● WORK INSTRUCTIONS
When you reach the line with "Health Hack - Proteína" in the records below, begin transcribing exactly and continue up to and including the line with "Ὁ ἅγιος Νικηφόρος", leaving out every picture.

● LISTED RECORDS

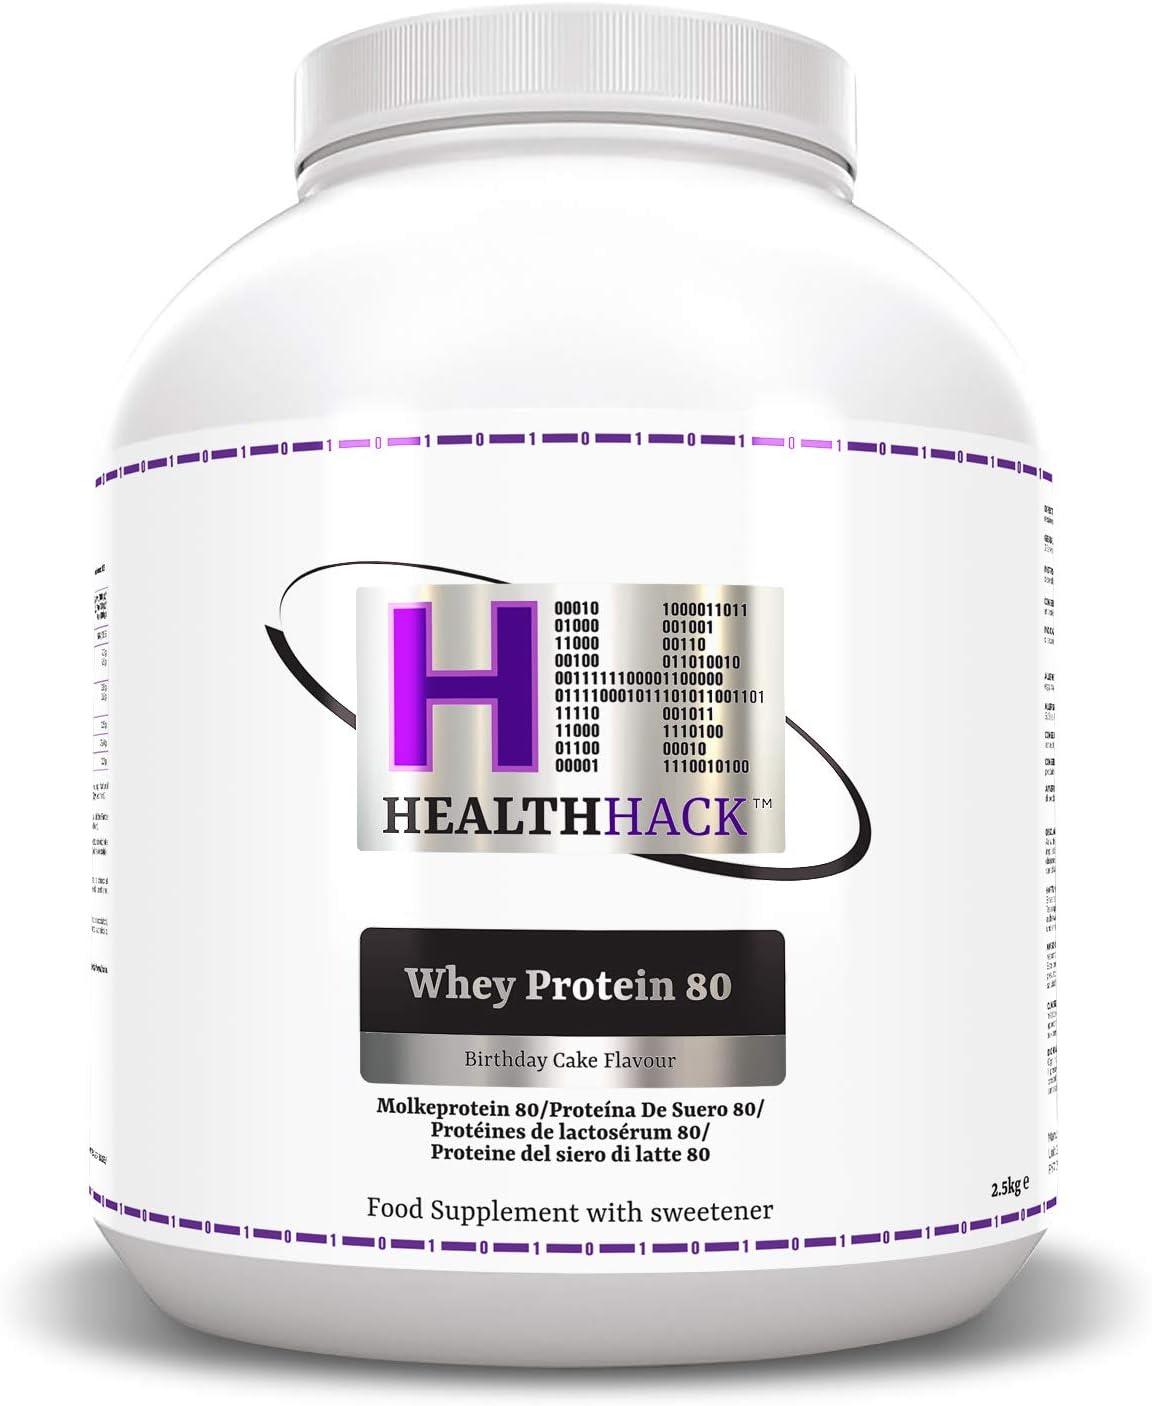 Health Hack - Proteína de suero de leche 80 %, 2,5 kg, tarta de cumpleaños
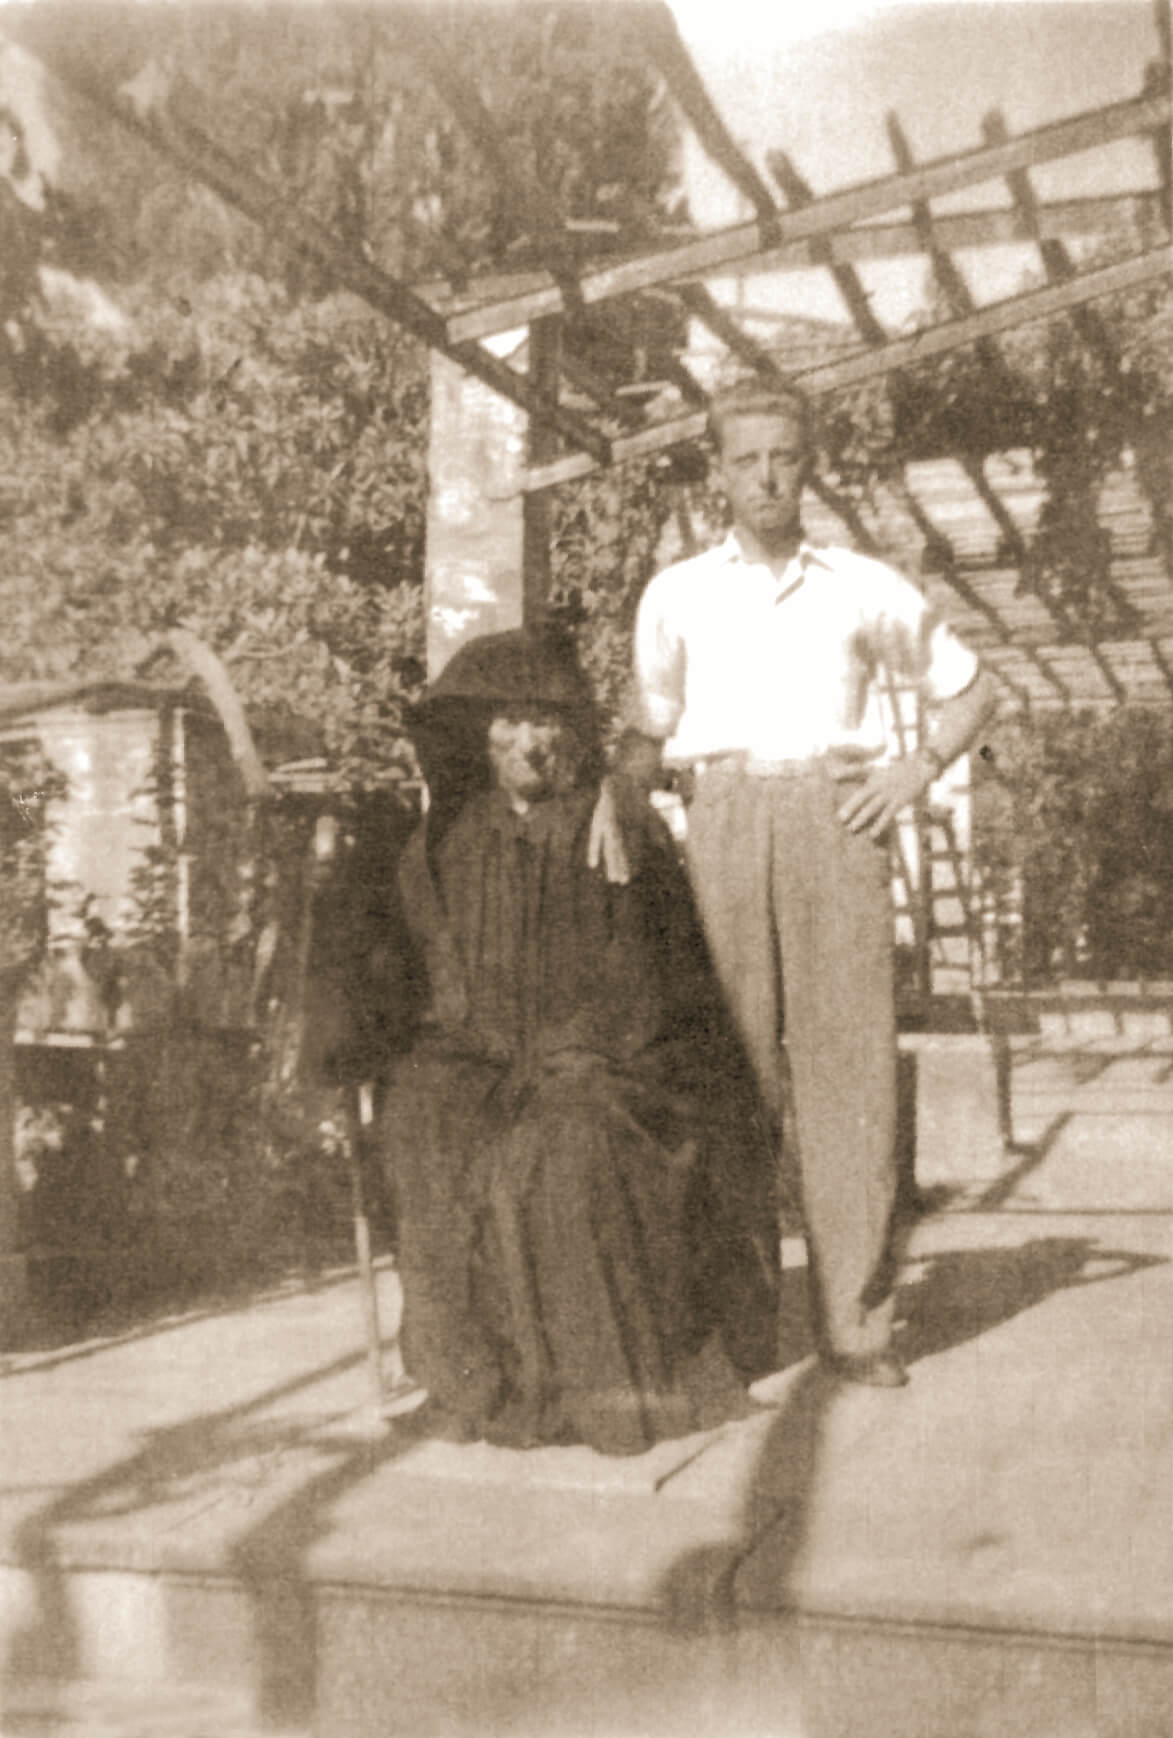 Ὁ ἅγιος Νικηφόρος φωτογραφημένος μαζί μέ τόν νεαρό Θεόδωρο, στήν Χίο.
--
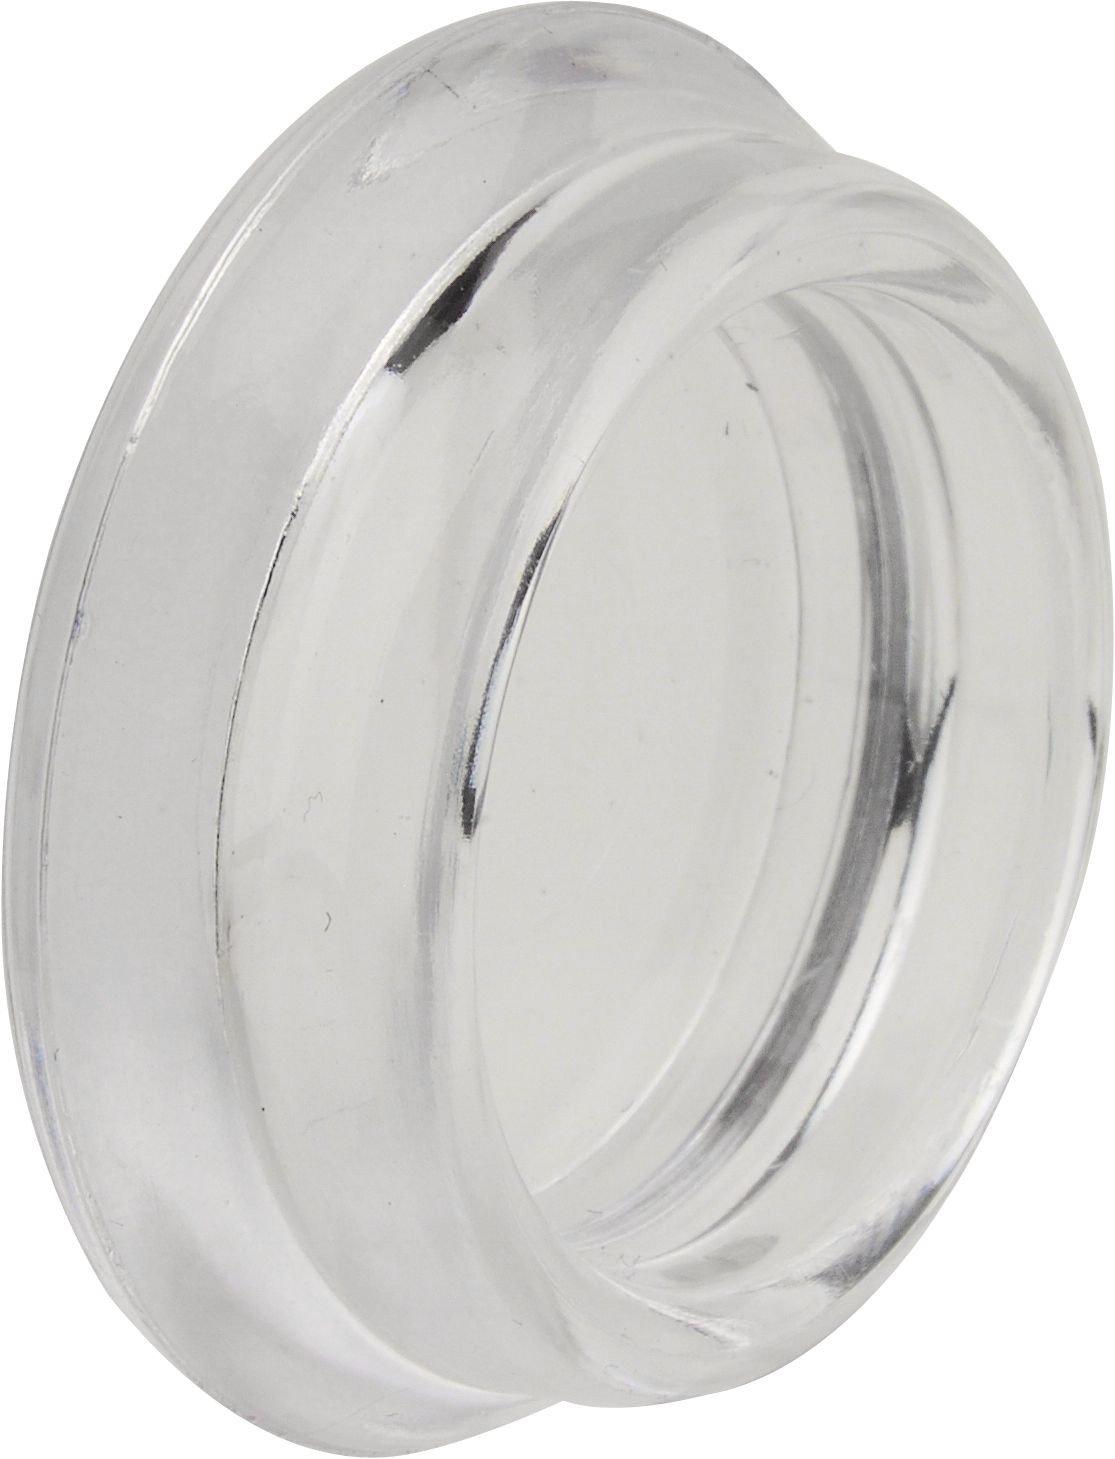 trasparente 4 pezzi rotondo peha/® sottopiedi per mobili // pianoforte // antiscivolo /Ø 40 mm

● TASK RESPONSE
 Health Hack - Proteína de suero de leche 80 %, 2,5 kg, tarta de cumpleaños
 Ὁ ἅγιος Νικηφόρος φωτογραφημένος μαζί μέ τόν νεαρό Θεόδωρο, στήν Χίο.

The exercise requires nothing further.